Daily Investment Market News from London
Saturday 22nd of November 2008
June 5, 2008

Las Vegas Sands posts losses


by Kay Murchie

Las Vegas Sands posts losses

Even Sin City is struggling throughout the US economic downturn as fewer tourists are visiting the world’s gambling capital. As a result, Las Vegas Sands, has gone into the red.

The hotel and casino company announced losses of $11.2mn (£5.6 million) in the first quarter of the year, compared with a $90.9m profit a year earlier.

A weak US economy, competition in the Chinese gambling centre of Macau and rising construction costs are to blame for the losses.

William Weidner, Las Vegas Sands’ president and chief operating officer, said hotel occupancy was lower as fewer tourists came to Las Vegas and first-quarter operating results reflect both an intensely competitive operating environment in Macau as well as a weaker environment here in the US.

The casino sector in Macau has thrived since a 2001 law stripped casino tycoon Stanley Ho’s SJM group of its monopoly.

However, competition increased when MGM Mirage opened in Grand Macau late last year, some of the island’s big gamblers went there instead.

Las Vegas Sands’ is proposing to increase the credit it offers the high rollers in an effort to win them back. Furthermore, it has announced its intention to invest between $12 billion and $14 billion to build 20,000 hotel rooms by 2010 in Macau.
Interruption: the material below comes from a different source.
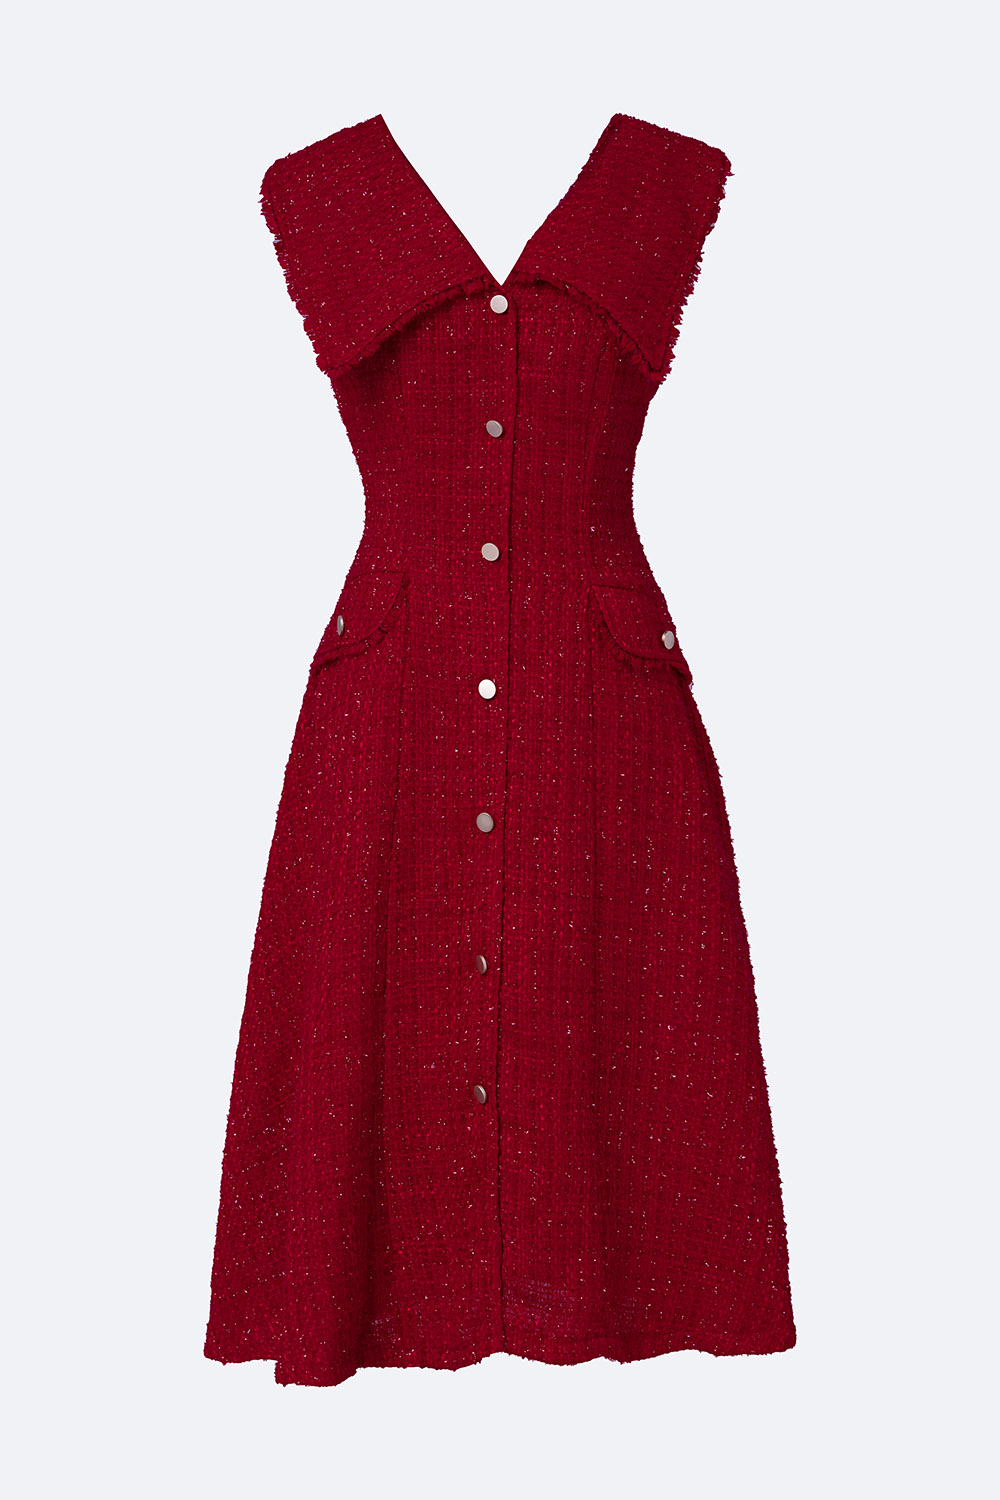 Đầm đỏ dự tiệc dáng xòe vải tweed KK120-01 | Thời trang công sở ...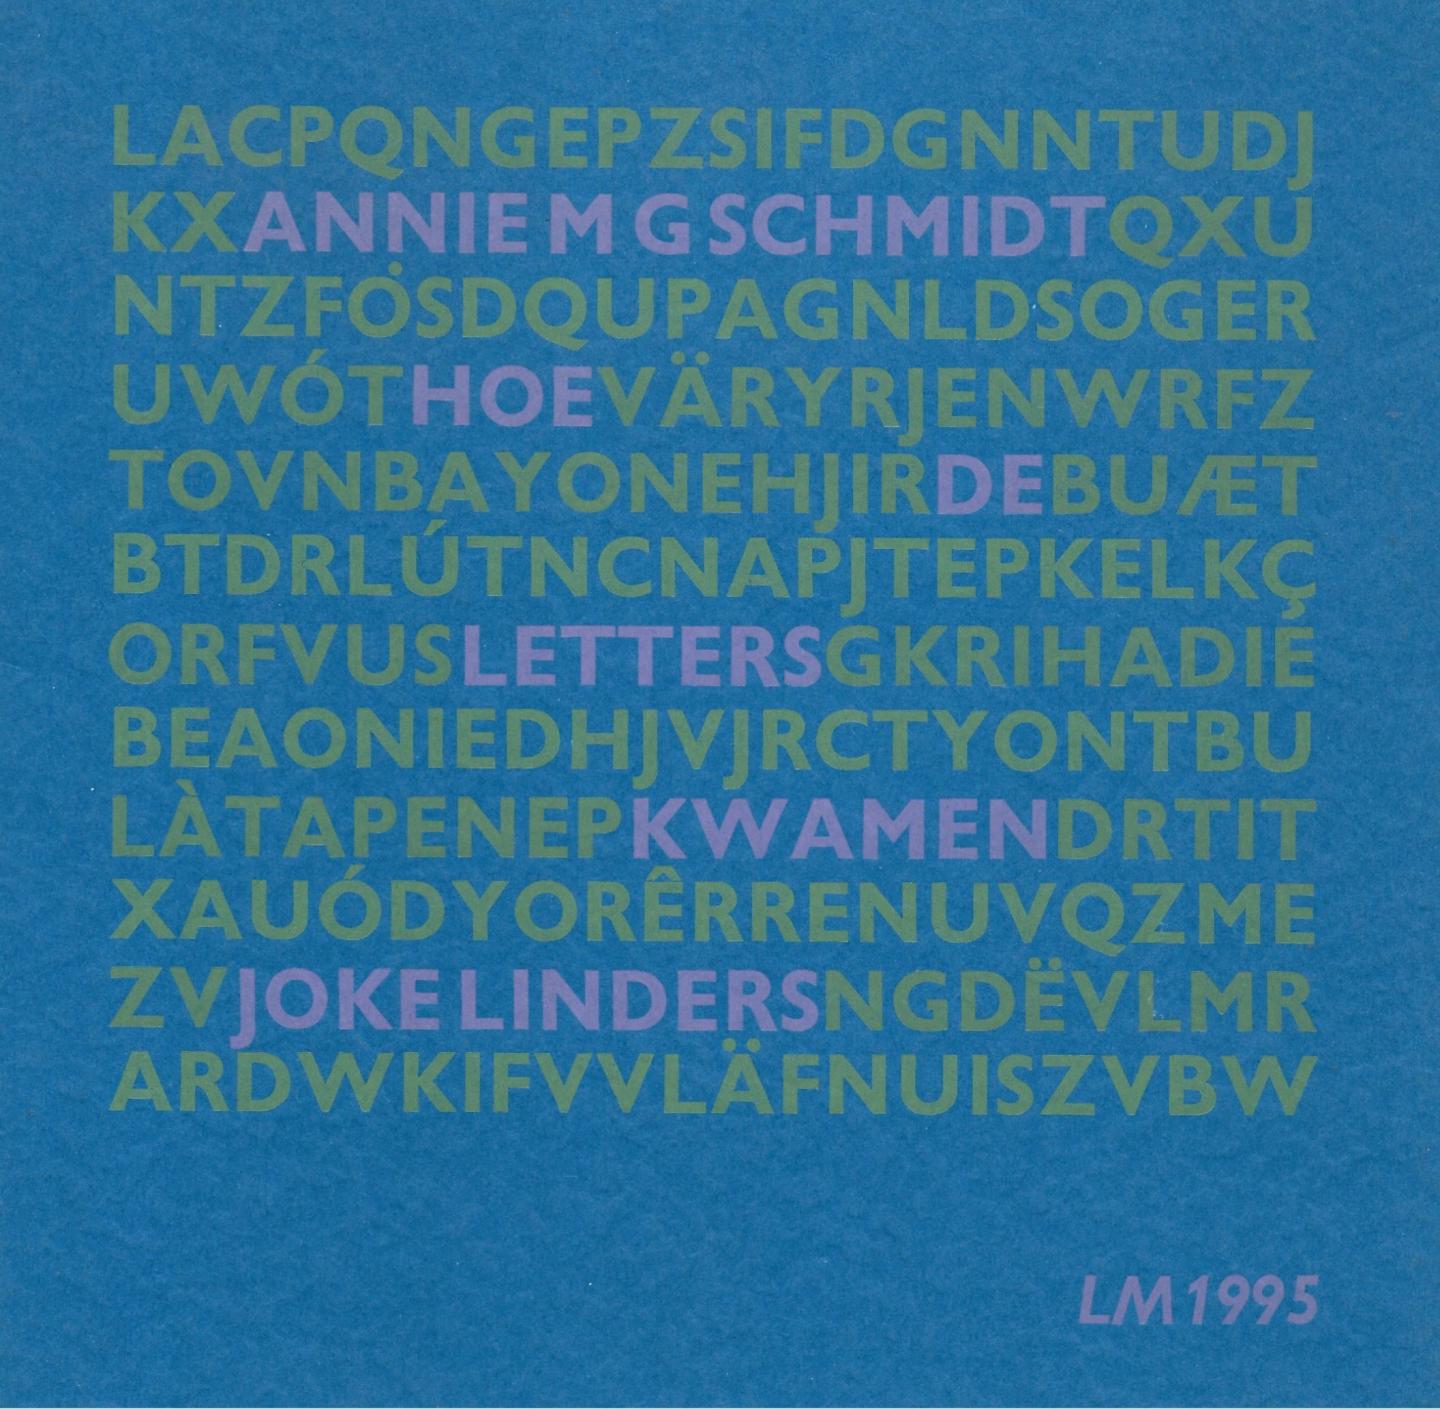 Linders, Joke - Hoe de letters kwamen    Toespraak van Joke Linders bij de opening van de tentoonstelling De A van Annie

In related news, a joint venture between Australia’s Crown, Texas developer Christopher Milam and private equity firm York Capital Management, have scrapped plans to build a $5 billion (£2.5 billion) casino complex in Las Vegas.

The complex was set to be one of the tallest towers in the US at 324m high and include a 5,000-room hotel.

Crown chief executive, Rowen Craigie, said the recent upheavals in world credit markets have made it increasingly difficult for Crown and its partners to develop a commercially viable project on what remains an attractive location on the Las Vegas strip.

According to Angus Gluskie of White Funds Management, it is indicative of the fact that in a slowing growth environment, the gaming sector does carry some short-term risk, given its exposure to discretionary spending.

The location on the former Wet ‘n’ Wild site, next to the Sahara Hotel at the northern end of the Las Vegas strip, was put up for sale in March.